Because CAM can be defined by both acid accumulation and night-time CO₂ assimilation, comparing the response of genotypes through both phenotypes can indicate the mode of CAM employed under drought stress. For example, Y. aloifolia reduced the amount of CO₂ assimilated at night, but typically increased leaf acid accumulation (Fig. 4D), indicating more reliance on recycling CO₂ when drought-stressed. Some genotypes of Y. gloriosa decreased reliance on atmospheric CO₂ and increased acid accumulation with drought stress (upper left quadrant, Fig. 4D). Others responded to drought by increasing both night-time CO₂ assimilation and leaf acid accumulation (upper right quadrant, Fig. 4D). A few genotypes were negatively impacted by drought in that they reduced both leaf acid accumulation and night-time CO₂ uptake, such that stress appears to have diminished their CAM capacity (lower left quadrant, Fig. 4D). Finally, a few genotypes appeared to increase the amount of night-time CO₂ assimilation but decrease the level of acid stored in the leaves (lower right quadrant, Fig. 4D); however in many of these latter cases the error bars overlap zero, and therefore we cannot reject the expectation that night-time CO₂ uptake is coupled with acid accumulation in these genotypes. Regardless, the general diversity of drought responses in the hybrid Y. gloriosa is clear.

Leaf anatomy

All anatomical traits were significantly different between species, based on ANOVA (Benjamini–Hochberg corrected P-values) (Supplementary Data Table S4), with the exception of abaxial stomatal density. Within Y. gloriosa, the only anatomical traits significantly different between genotypes were IAS (F_25,21 = 3.36, P < 0.001) and mean stomatal density (averaged abaxial and adaxial values) (F_4,13 = 3.73, P < 0.01) (Table S3). As with physiological traits, anatomical differences between Y. aloifolia and Y. filamentosa were stark, while the hybrid largely filled the phenotypic space between. Cell sizes on both adaxial and abaxial sides of the leaf were larger in Y. aloifolia than in either of the other two species (Fig. 4A). Stomatal density, conversely, was lowest on average in Y. aloifolia and greatest in Y. filamentosa (Fig. 5B). Both cell sizes and stomatal densities on adaxial and abaxial sides of the leaf were highly positively correlated (Fig. 5A, B) across all individuals (cell size: t₆₇ = 25.19, R² = 0.90, P < 0.001; stomata: t₄₆ = 7.12, R² = 0.52, P < 0.001).

Fig. 5.

Mean cell sizes (A) and stomatal densities (B) on adaxial and abaxial sides of the leaf per individual plant. In both cases, the dashed line is the regression line from the lm() function in R. R² and P-values are reported based on correlation tests in R.

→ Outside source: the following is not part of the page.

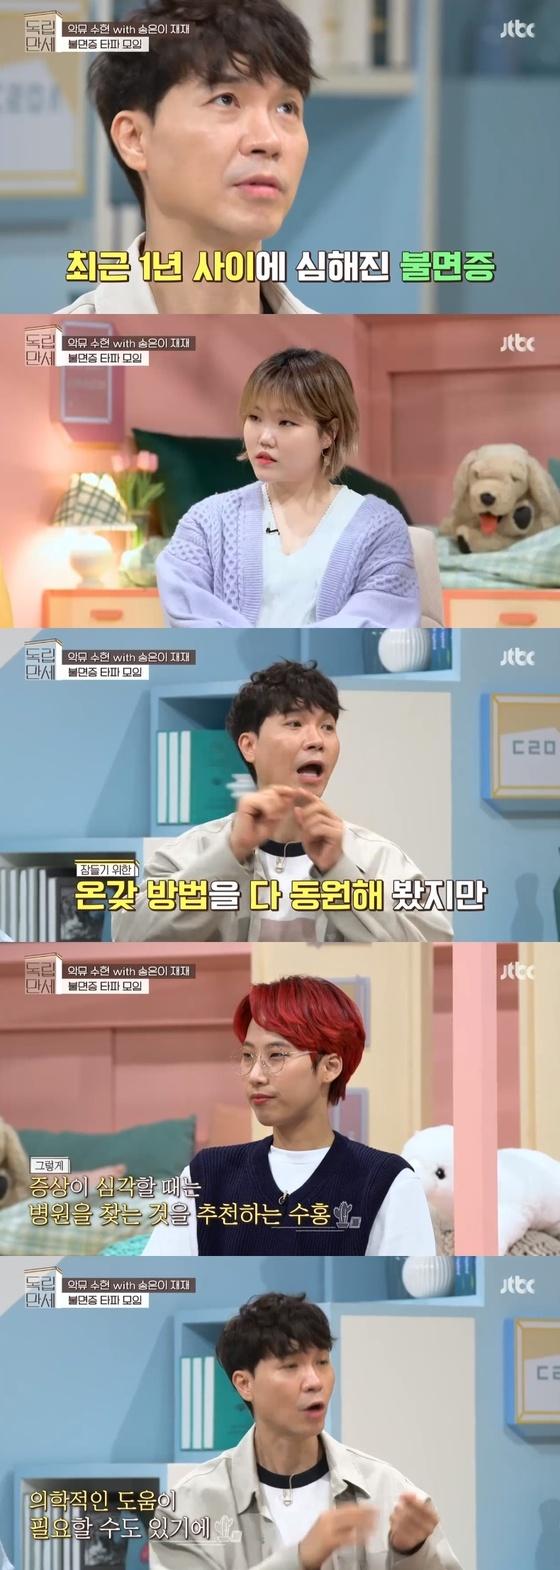 """[RE:TV] '만수 독립'박수홍 """"최근 불면증이 심해졌는데 … 잠들지 못해 고통 스러웠 어"""""""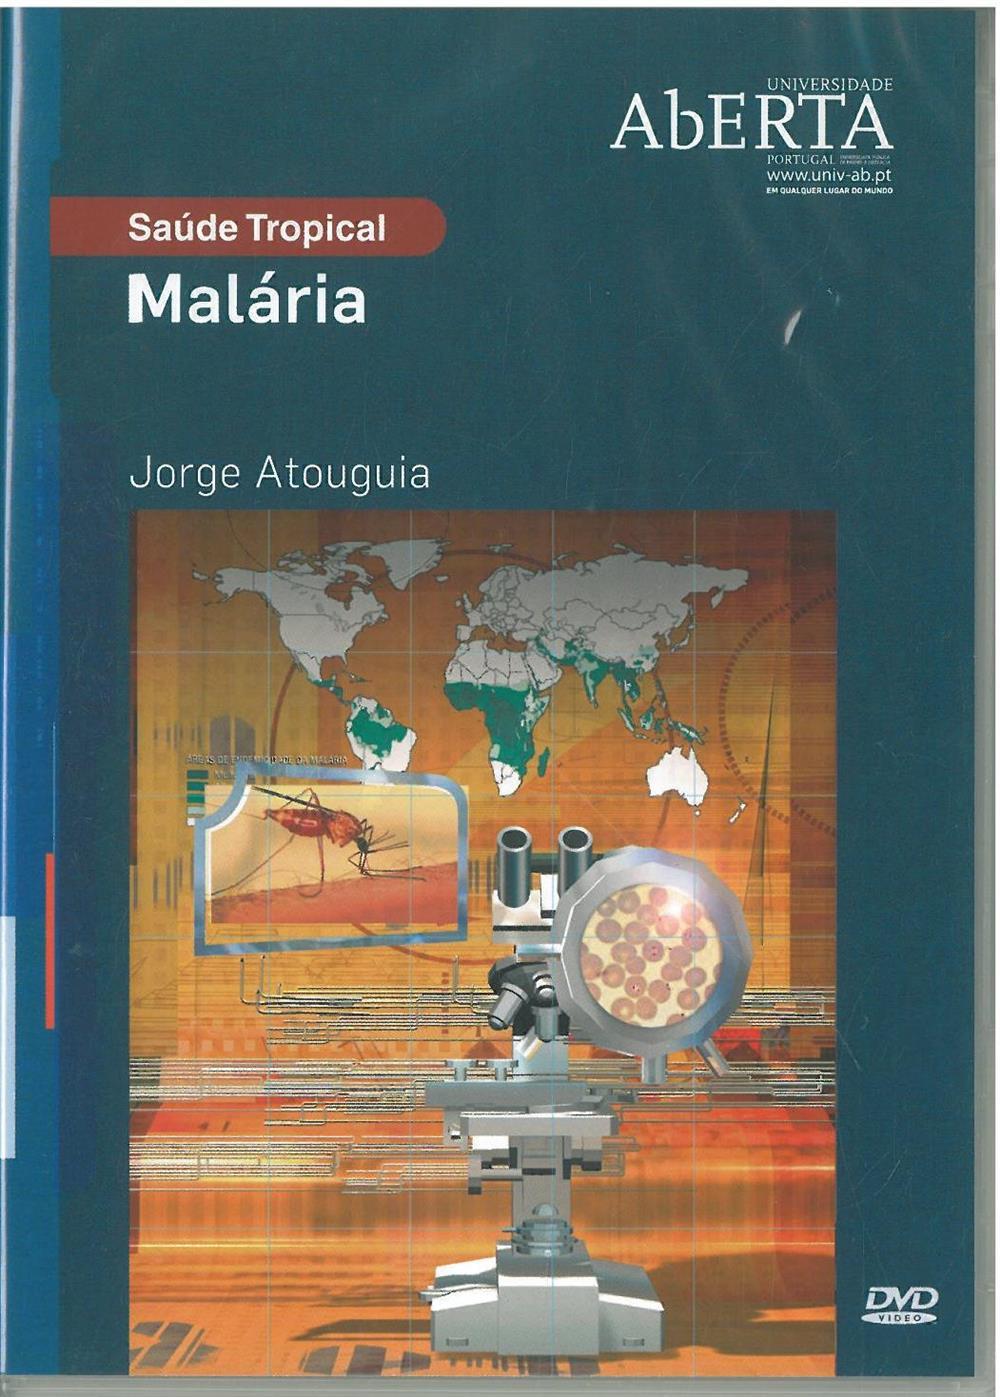 Malária_DVD.jpg

Many anatomical traits were correlated to nocturnal CO₂ assimilation, but not total CO₂ uptake or leaf acid accumulation (Fig. 6) (Supplementary Data Table S5 and Fig. S3). Total CO₂ assimilation across the whole day under both well-watered and drought stress was negatively correlated to IAS, albeit with a relatively low R² in both cases (Fig. 6A). Nocturnal CO₂ uptake was negatively correlated to IAS, and positively correlated to levels of acid accumulation (under both watered and drought conditions), the maximum amount of acid held within a leaf at any time point, mean cell size and leaf thickness (Fig. 6B–G). The amount of leaf acid accumulated under drought stress was correlated to total nocturnal CO₂ assimilation under drought stress (R² = 0.14, P < 0.01). Within Y. gloriosa, nearly all the trait correlations were not significant (Table S6). The only significant correlations for traits in Y. gloriosa were between mean cell size and leaf thickness (R² = 0.57, P < 0.001) and between total CO₂ assimilation under water and drought conditions (R² = 0.24, P < 0.001).

Fig. 6.

Scatterplots and regression lines with R² and P-values for a subset of traits (Supplementary Data Fig. S4). Individual data per plant are plotted, and correlations are shown for individual plant data across all three species together, rather than genotypic means (Table S5). (A) Total CO₂ assimilation under watered (W) and drought (D) plotted against intercellular airspace (IAS). (B–G) Nocturnal CO₂ assimilation under watered and drought plotted against IAS (B), mean mesophyll cell area (C), leaf thickness (D), leaf acid accumulation under watered (E) and drought (F) treatments, and against the maximum amount of acid present at any time point (G). Leaf acidity measurements are per gram of frozen weight (f. wt).

DISCUSSION

Detailed physiological and anatomical measurements in Y. gloriosa have revealed among-genotype variation in CAM phenotypes, and that anatomical and physiological traits show a lack of correlation within Y. gloriosa. Under drought stress, the levels of daytime CO₂ assimilation were largely driven by environment (i.e. soil moisture content) whereas nocturnal CO₂ assimilation rates and acid accumulation were influenced by a combination of genotype and environmental effects. Our results reveal a continuum of photosynthetic traits across Y. gloriosa genotypes, including variation in drought response. Anatomical measurements were largely not predictive of physiological traits within Y. gloriosa. In contrast, cell size, IAS and leaf thickness were predictive of nocturnal CO₂ uptake in cross species comparisons. These observations suggest that anatomical characteristics can be decoupled from photosynthetic physiology of CAM within the homoploid hybrid species Y. gloriosa.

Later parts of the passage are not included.